Table 8 Multiple analysis of the mutational hotspots in four Stephania plants
Table 9 PCR primers designed according to the mutational hotspots within four Stephania species

Phylogenetic analysis

The conserved chloroplast genomes have been indicated as effective approach for the phylogenetic relationship studies of plants from different taxa [28]. The phylogenetic tree was constructed using maximum likelihood (ML) method for Ranunculales plants based on coding sequences of 76 protein-coding genes, including 8 species from family Menispermaceae, 2 species from family Ranunculaceae and 4 species from family Berberidaceae. Papaver orientale and P. rhoeas were chosen as the outgroups for phylogenetic analysis. As shown in Fig. 8, all nodes received high support values in the ML tree, and it was congruent with those obtained from the previous study.
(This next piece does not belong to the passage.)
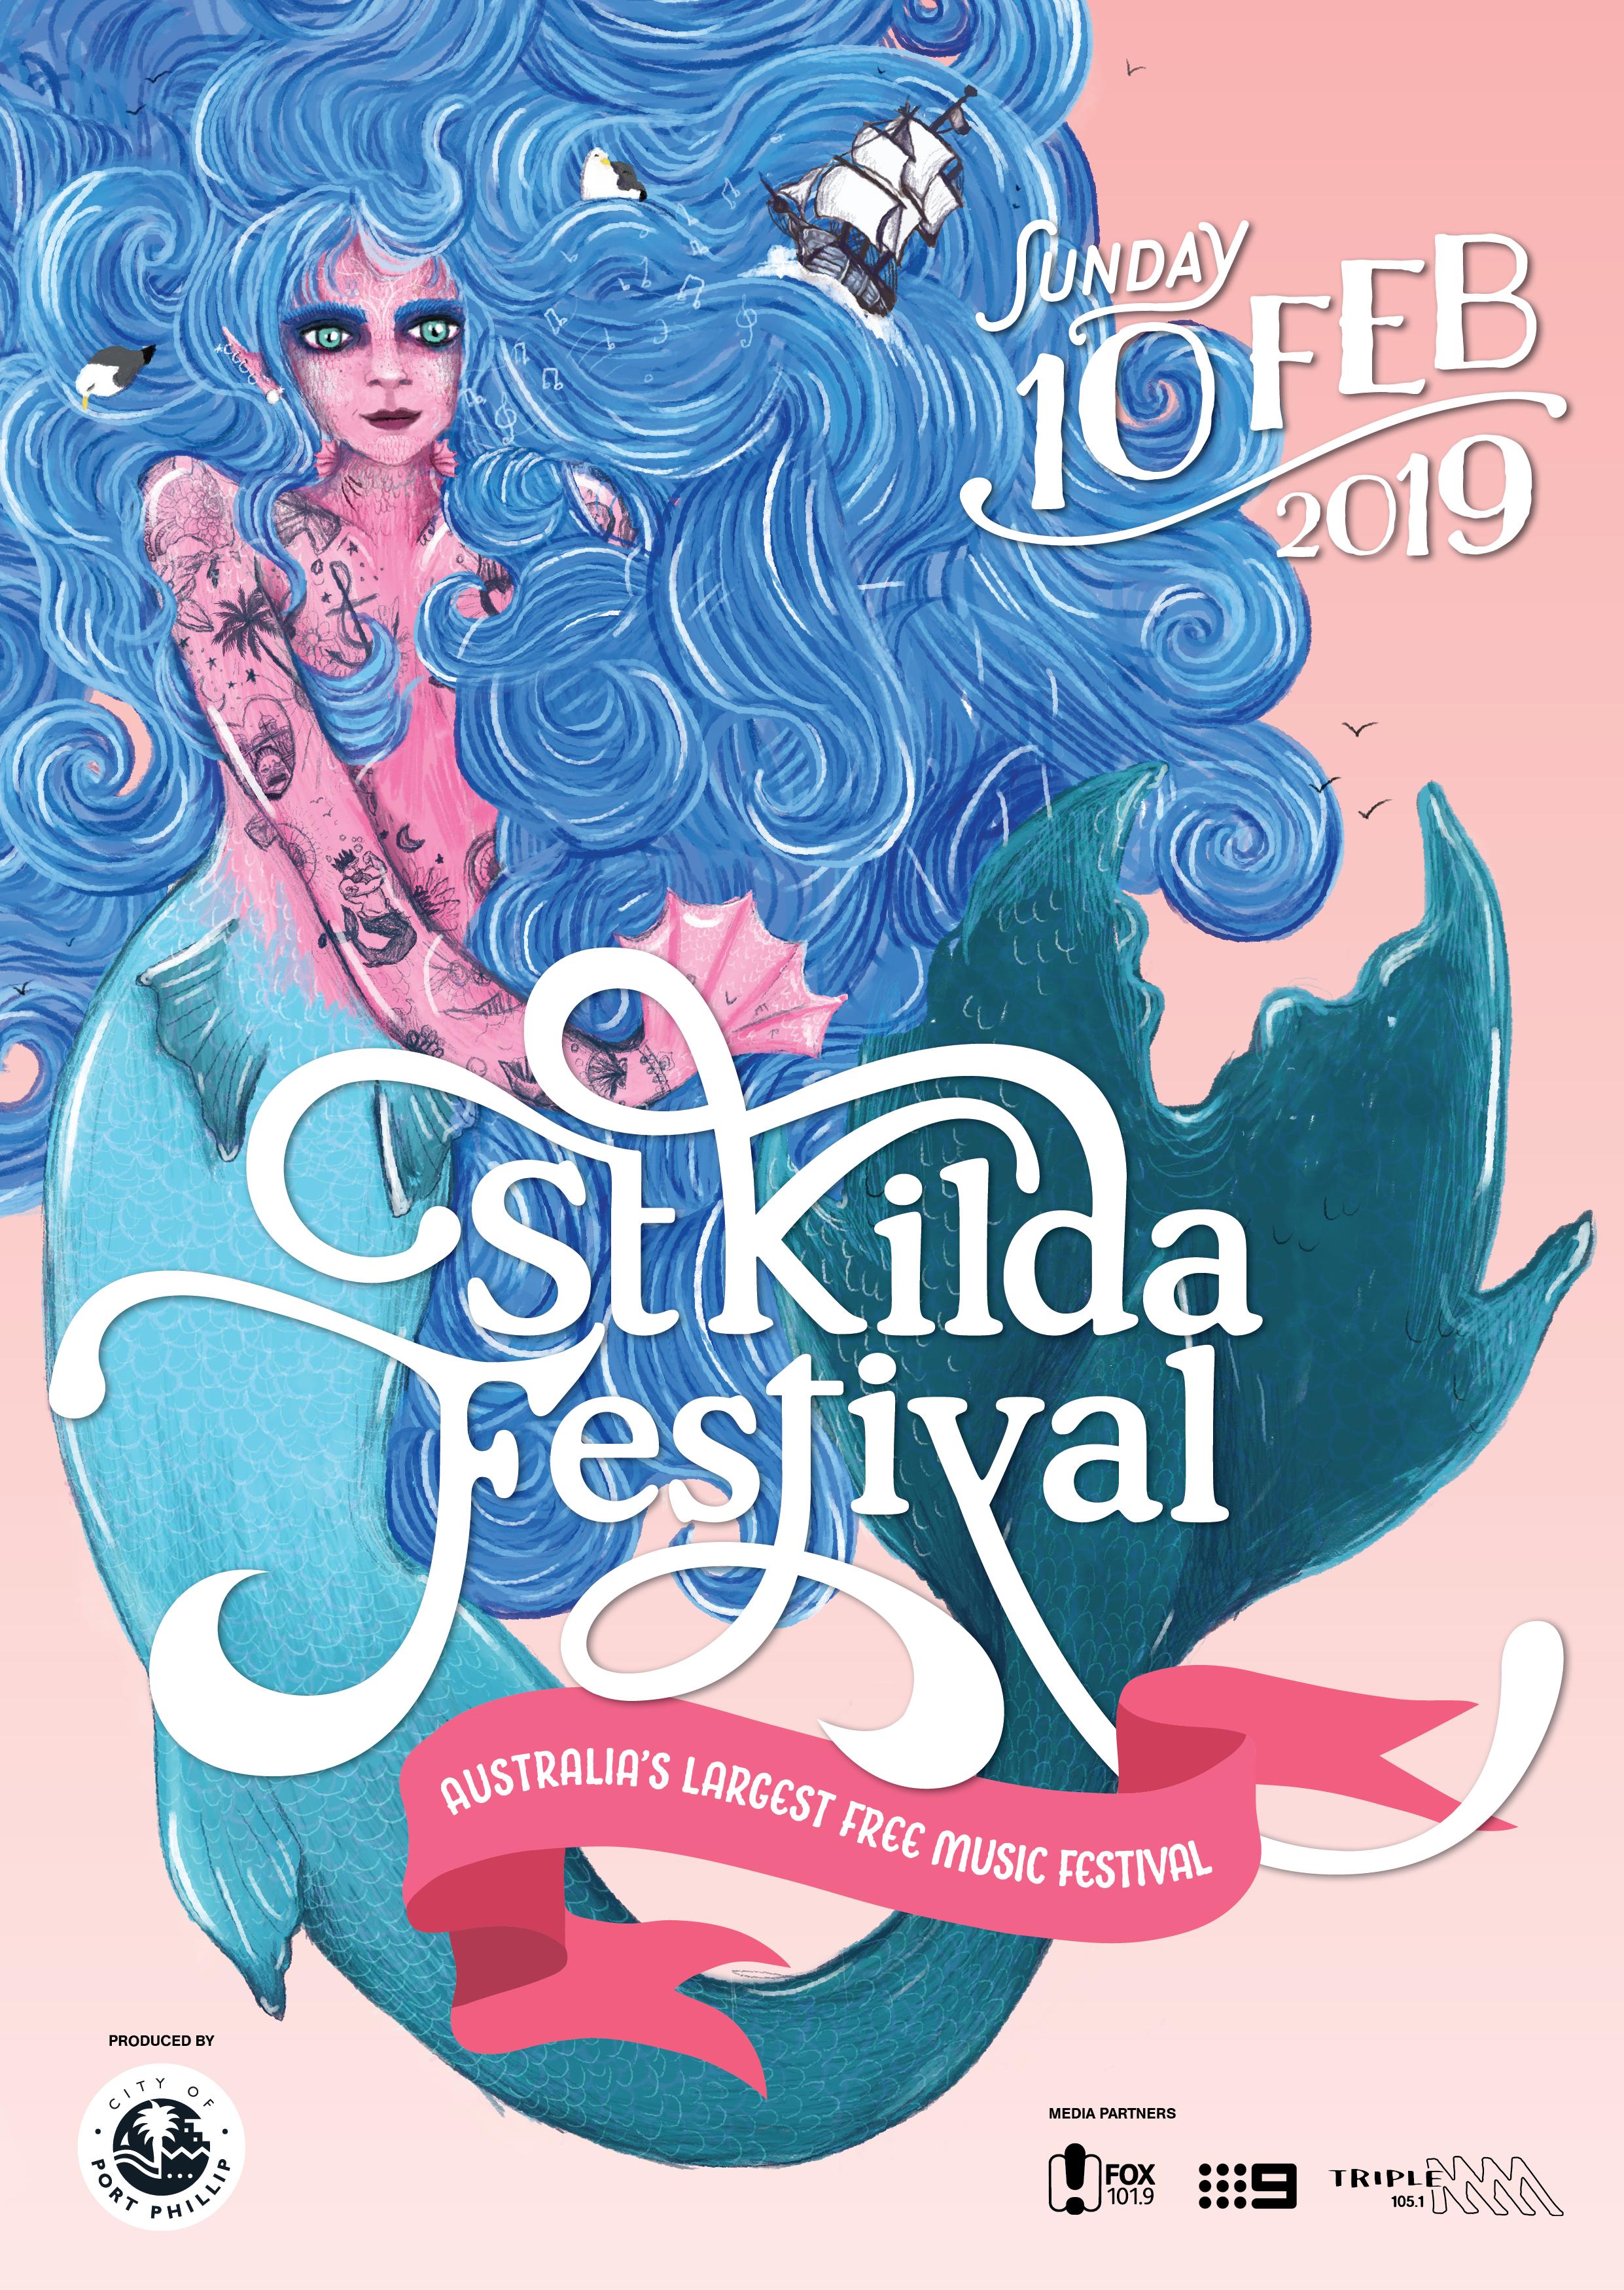 St Kilda Festival 2019 POSTER-01.png

The phylogeny analysis showed S. japonica and S. kwangsiensis consisted into a stable monophyletic group with high bootstrap values, which exhibited a stable sister relationship with S. tetrandra voucher JX and voucher ZJ, indicating a close genetic relationship among the four Stephania plants. Interestingly, S. tetrandra voucher ZJ and voucher JX failed to clustered into the same branch, revealing obvious discrepancies on cp genomes of S. tetrandra from different regions (Fig. 8). In addition, the Stephania species formed a clade with Pericampylus glaucus with strong statistical support, indicated a relatively close relationship between the genus Stephania and Pericampylus in Trib. Menispermeae. Moreover, the species from the genus of Menispermum and Sinomenium combined together to form a robust monophyletic clade, which showed sister relationship to the group of Stephania and Pericampylus plants. The entire subclade comprising of species from family of Berberidaceae and Ranunculaceae grouped with the clade of family Menispermaceae, which were clustered together to form the monophyletic group of core Ranunculales (Fig. 8). The complete chloroplast sequence of S. tetrandra voucher ZJ could provide useful information for clarifying the phylogenetic relationship of family Menispermaceae as well as the classification of subgenera and species groups in Stephania.

Fig. 8
figure 8

Phylogenetic relationships based on the conserved chloroplast protein coding genes from four Stephania plants and other representative Ranunculales species using maximum likelihood (ML) method. The number on each node represents the bootstrap value from 500 replicates. Papaver orientale and Papaver rhoeas were set as the outgroups

Discussion

In this study, we sequenced and assembled the complete cp genome of S. tetrandra from Zhejiang province and analyzed its codon usage bias and RNA editing sites. We also conducted a comparative analysis on the RNA editing sites, codon usage bias, repeat sequences, substitutions and InDels events within the complete cp genomes of the Stephania plants and constructed the phylogenetic tree. Our results provide basic data for further studies on the identification and phylogenetic relationship of Menispermaceae plants. The genome database of S. tetrandra voucher ZJ would be also beneficial for the subsequent specific molecular species identification and population genetic analysis from different regions in Stephania plants.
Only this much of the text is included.